Tony czy Conor? „Teraz nie tylko Dana podejmuje decyzje” – stanowcza deklaracja Khabiba
Zasiadający na tronie kategorii lekkiej Khabib Nurmagomedov nie pozostawił cienia wątpliwości w temacie potencjalnych starć z Tonym Fergusonem i Conorem McGregorem.
W sobotę w Chicago podczas gali UFC 238 doszło do ważnej dla układu sił w kategorii lekkiej walki pomiędzy dwoma zawodnikami, którzy byli w przeszłości kilka razy – bez powodzenia – zestawiani z Khabibem Nurmagomedovem: Tonym Fergusonem i Donaldem Cerrone.
El Cucuy wygrał przez techniczny nokaut z uwagi na niezdolność Kowboja do kontynuowania pojedynku w trzeciej rundzie.
Starcie to oczywiście nie umknęło uwadze Dagestańskiego Orła.
To była interesująca walka, ale to była walka w stójce.
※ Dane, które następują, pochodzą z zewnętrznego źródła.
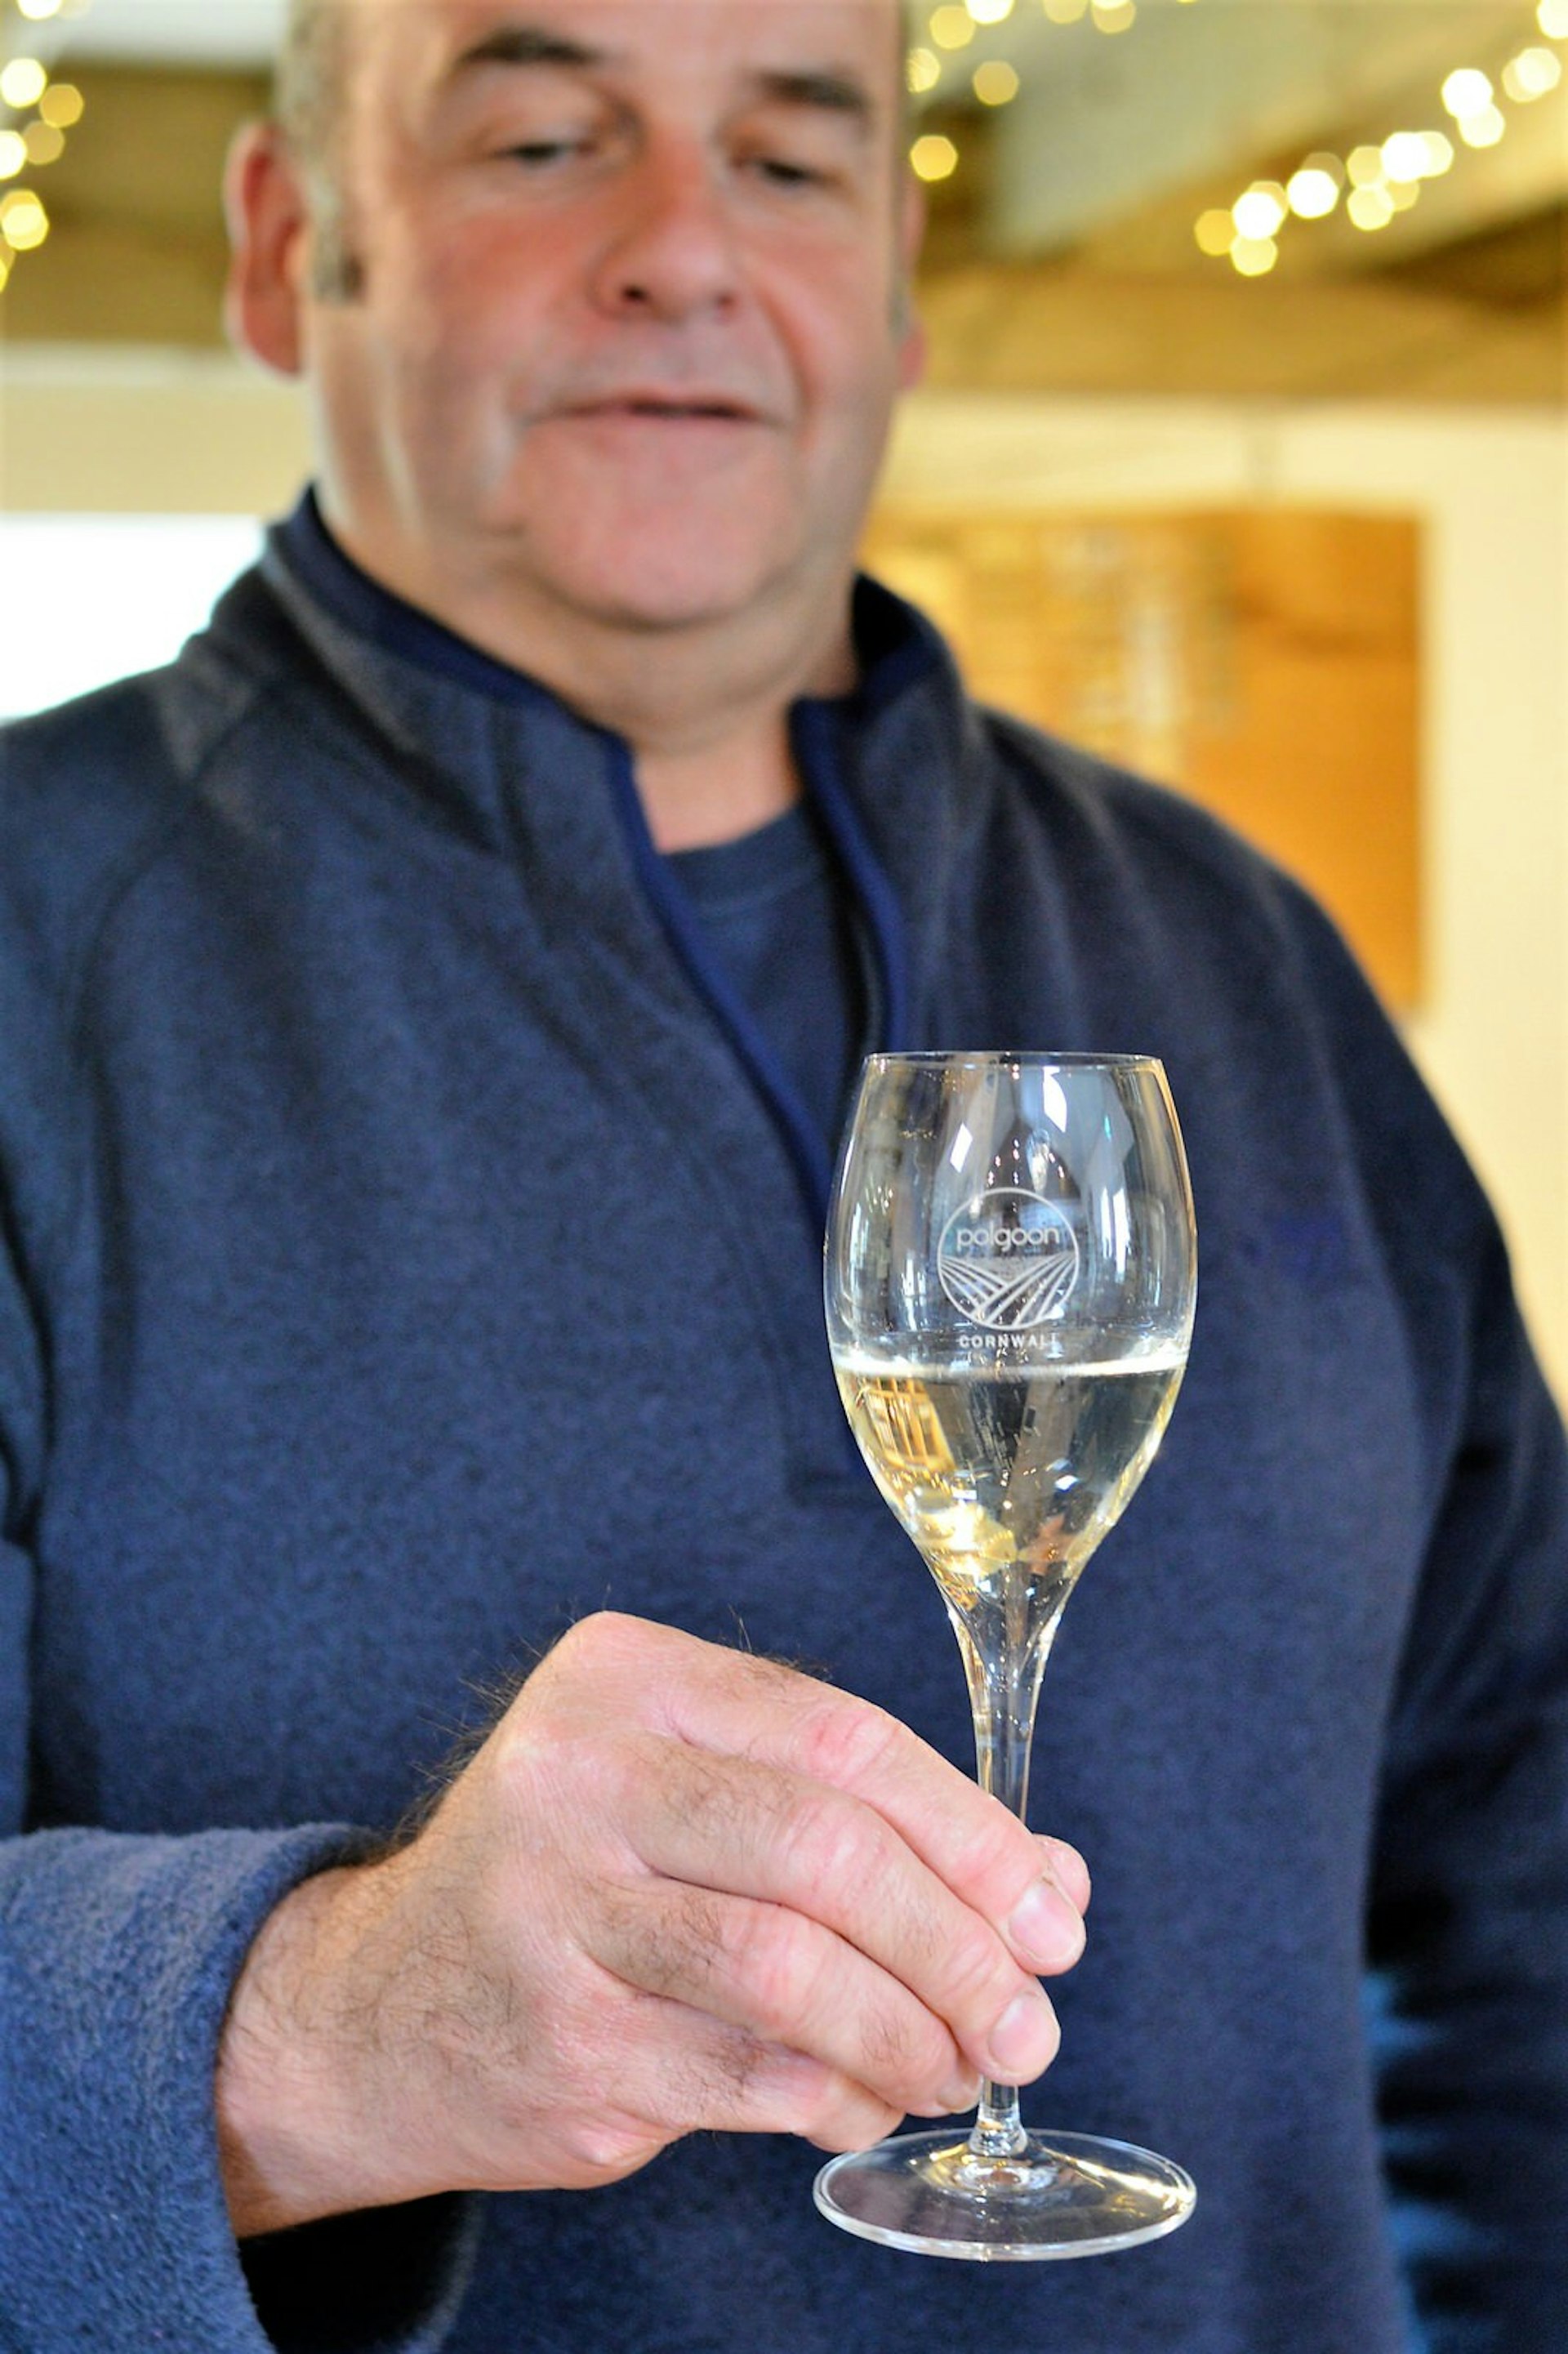 John, owner of Polgoon, admires one of his wines © Emma Sparks / Lonely Planet

To nie mój styl. Ja miażdżę swoich rywali. Obalam, ubijam, zamęczam.
– powiedział w rozmowie z ESPN.com.
Mój styl jest zupełnie inny od stylu Kowboja. Nawet jeśli mówimy o boksie, to… Kowboj bardzo dobrze kopie, ale nie jest świetnym bokserem. Nie jest mocnym, twardym bokserem. Ma niezłego jaba, ale to wszystko. Gdy natomiast ktoś wywiera na nim presję, zatrzymuje się. Nie jest mentalnie silny.
Dlatego oglądając tę walkę, pomyślałem, że jeśli Tony’emu wydaje się, że będę bił się z nim w stójce tak jak jego pozostali rywale, to… Nie ma opcji. Jest bardzo szczupły. Złapię go, przewrócę. Kilka minut, będzie zmęczony i wtedy go skończę. Jestem zupełnie innym rywalem niż jego wszyscy rywale.
Zdaniem niemal wszystkich – tj. fanów oraz ekspertów większych oraz mniejszych – pokonując Kowboja, El Cucuy zagwarantował sobie pojedynek o pas mistrzowski wagi lekkiej ze zwycięzcą wrześniowej konfrontacji Khabiba Nurmagomedova z Dustinem Poirierem, do której dojdzie podczas gali UFC 242 w Abu Zabi. Najmniejszych wątpliwości nie ma też w tym temacie Dagestańczyk.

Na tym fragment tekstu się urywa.